I look up at Mr. Clark over the top of my glasses. Sometimes I don’t even know why I wear them. The scratches are so bad on them, they can be hard to see through. But they’ve always felt like a barrier between me and the rest of the world. It’s something I want kept in place, even if they don’t work.
“The bell has rung,” he says, glancing over at the clock, telling me something I already know.
I heard the bell ring. I just wasn’t in a hurry to leave the classroom like everyone else. I’m not in a rush to join the crowd of milling students trying to get out the door, all of them running and bumping into each other. I hate crowded rooms. The walls always seem like they’re closing in on me. One would think I’d be used to it, growing up in a busy city, taking the subway or buses to and from school. But no, I’m still not accustomed to the feeling. Not even after eighteen years.
“Sorry, Mr. Clark,” I say, packing up my bag.
“Have you heard back from any of the colleges you applied to yet? I’m still willing to put in a good word for you, if you’d like,” he says, coming around his desk as I make my way to the front of the classroom.
Mr. Clark likes to stare a little too long at me. A lot of my father’s colleagues do it as well. It makes my skin itch, and I have to stop myself from scratching. My father calls it fidgeting and yells at me to stop doing it.
“I’m good, thank you,” I tell him politely, trying not to engage in more conversation.
I’m not going to bother with telling him I didn’t apply to any colleges because I didn’t have the money to pay for them. I made good grades and went to one of the best private schools in the state, all thanks to a dead grandfather I’d never met. But my grades weren’t good enough for any scholarships. Not with a school like this, where making a 4.0 is common.
It’s a school I don’t really belong at. I stand out—a poor girl surrounded by kids that drive cars that cost more than some homes. Certainly more than the one I live in. And people notice.
Mr. Clark steps in front of me, stopping me from moving. Reaching out, he takes a lock of my long, dark hair between his fingers. I stand there, unsure what to do. All the girls find Mr. Clark attractive. He teaches advanced algebra and is also the wrestling coach. He’s built like a wrestler. He’s stocky, like he spends hours in the gym, but not too much taller than me. I don’t understand why he pays me so much attention. The girls in my class practically spread their legs so he can get a look at them while he’s teaching.

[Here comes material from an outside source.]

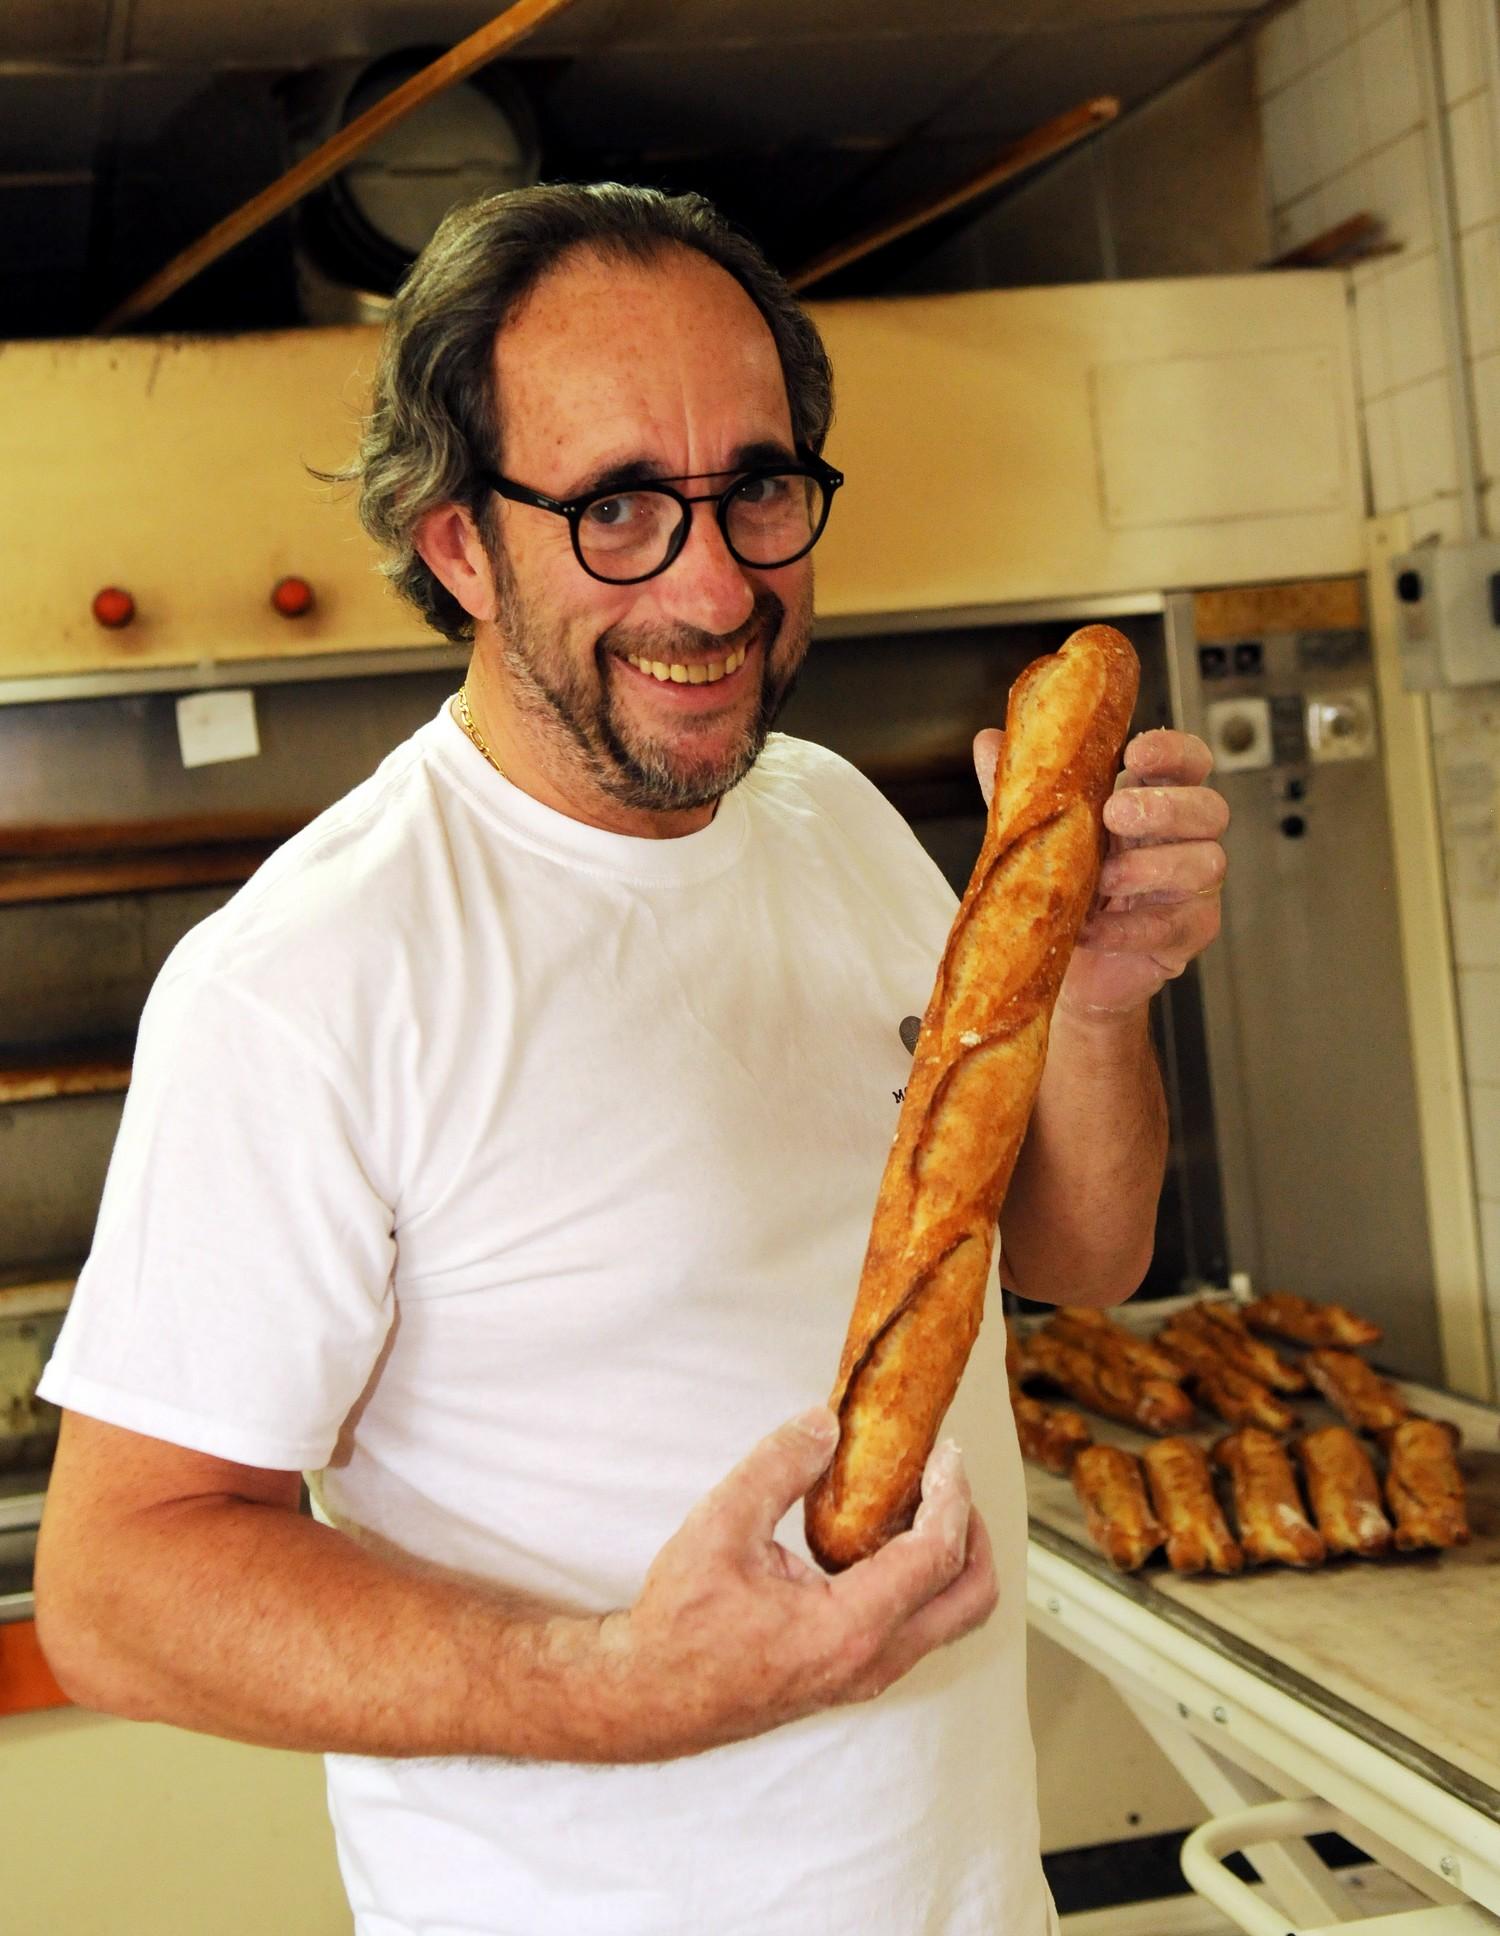 GAUTHIER Frédéric pâtissier boulanger Val d'Oise ©JC.Boudet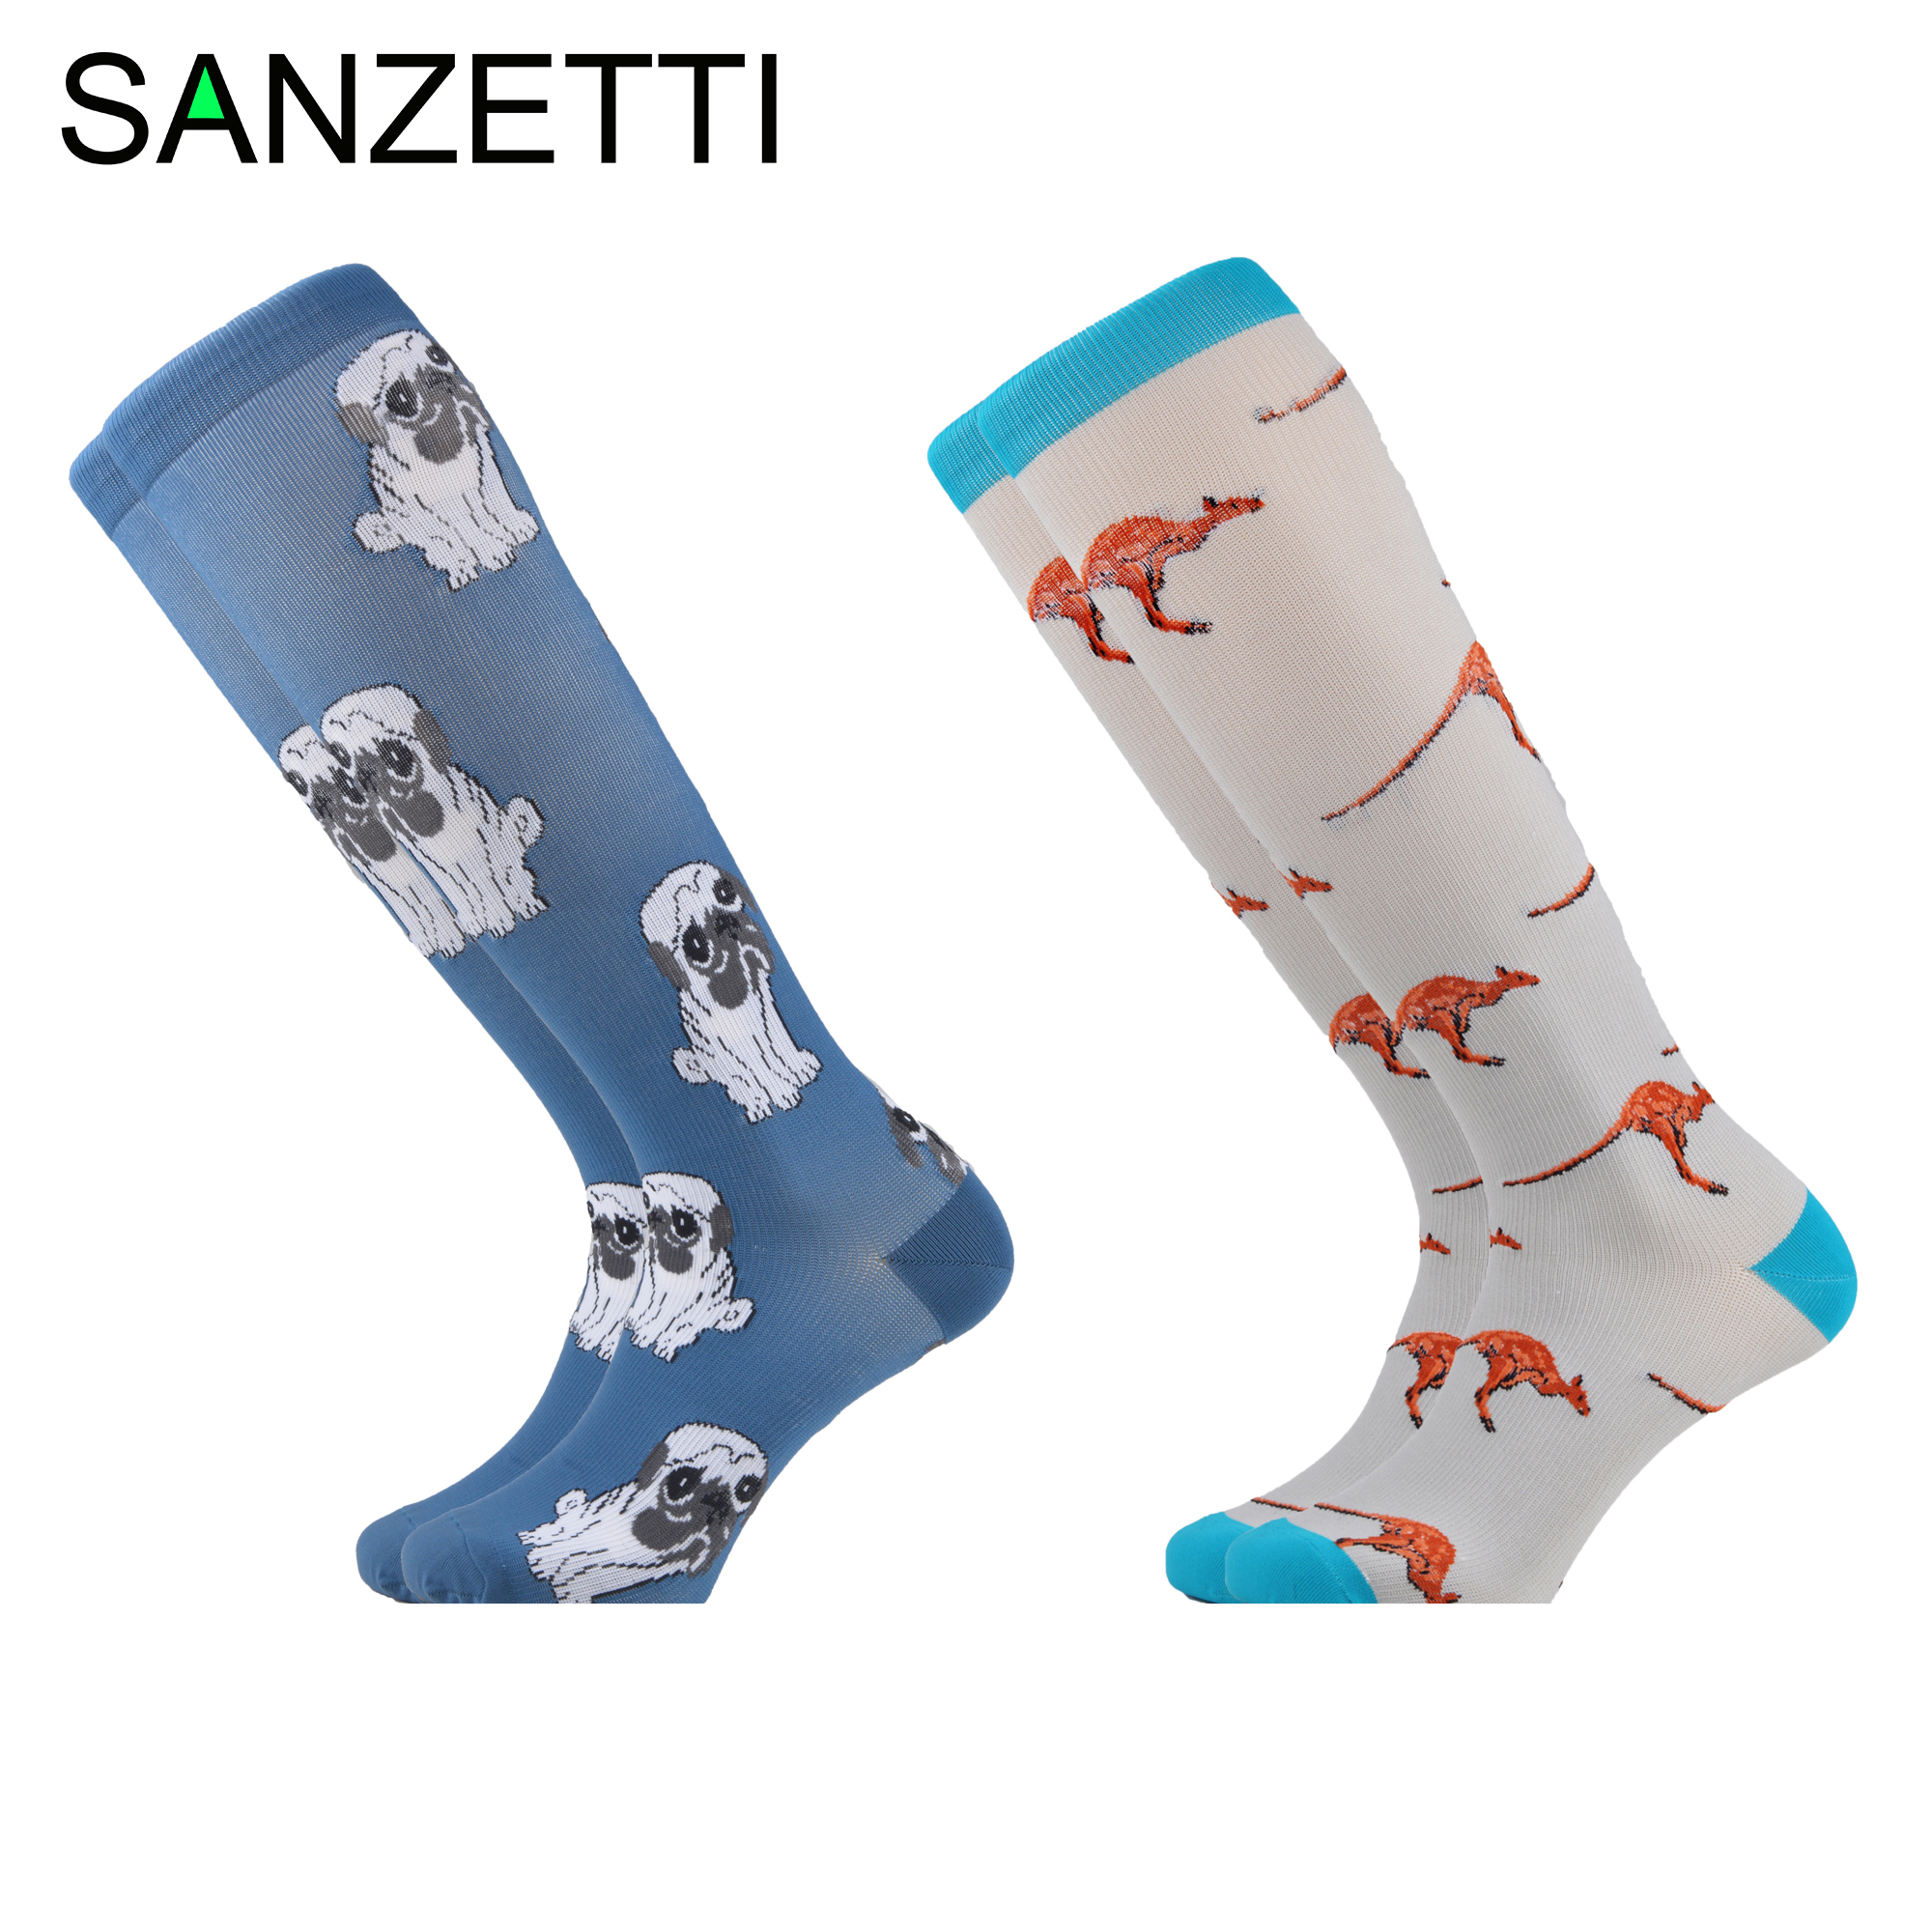 SANZETTI 2 Pairs/Lot Women Leg Support Stretch Combed Cotton Compression Socks Animal Below Knee Anti-Fatigue Long Happy Socks

“Do you not want to share your plans with me, Jasmine? You do have plans, don’t you?”
My plans are to get the heck out of the city as fast as possible. I’ve saved every penny I’ve earned so I can escape the moment school is done. I’m going to buy a one-way ticket to a small town and live a quiet life.
Maybe once I get settled somewhere I can find a florist’s or garden to work in, a place with so much space, I’ll finally be able to breathe. To be free.
Mr. Clark takes a step closer to me, and I freeze.
“I think you need someone to take care of you, Jasmine. I’m more than willing to—” The sound of a ringing phone on his desk cuts him off.
I jump back from him, putting space between us. I don’t wait for him to say anything, and I rush from the room, wanting to get away as fast as possible. I don’t stop moving until I clear the school and hit the busy sidewalk. It isn’t until I get down the main street and turn onto a less busy one that I finally slow my steps. I can finally take a breath, and it takes a moment for my heart to settle. I try to bat away thoughts of what will happen the next time I see him. As if it’s not bad enough being there every day…
As my anxiety fades to a dull thrum, I can take in the scene around me. The street is lined with buildings on one side and on the other is a giant park filled with flowers and playing children.
I walk slowly, breathing in the fresh air and wanting to linger as long as I can. I still need to check in on my neighbor Mrs. Joyce. She has a list of things she wants me to do for her, and I need to study for finals.
The end is coming. It’s so close I can almost taste it. Three thousand dollars I’ve saved. Once I have the diploma in my hand, I’ll be as good as gone. No more walls closing in. No more father I can barely stand to look at. No more having to be somewhere that makes me feel like I’m slowly dying. The calmness the park gives me leaves my body thinking about going back home and how long I have left.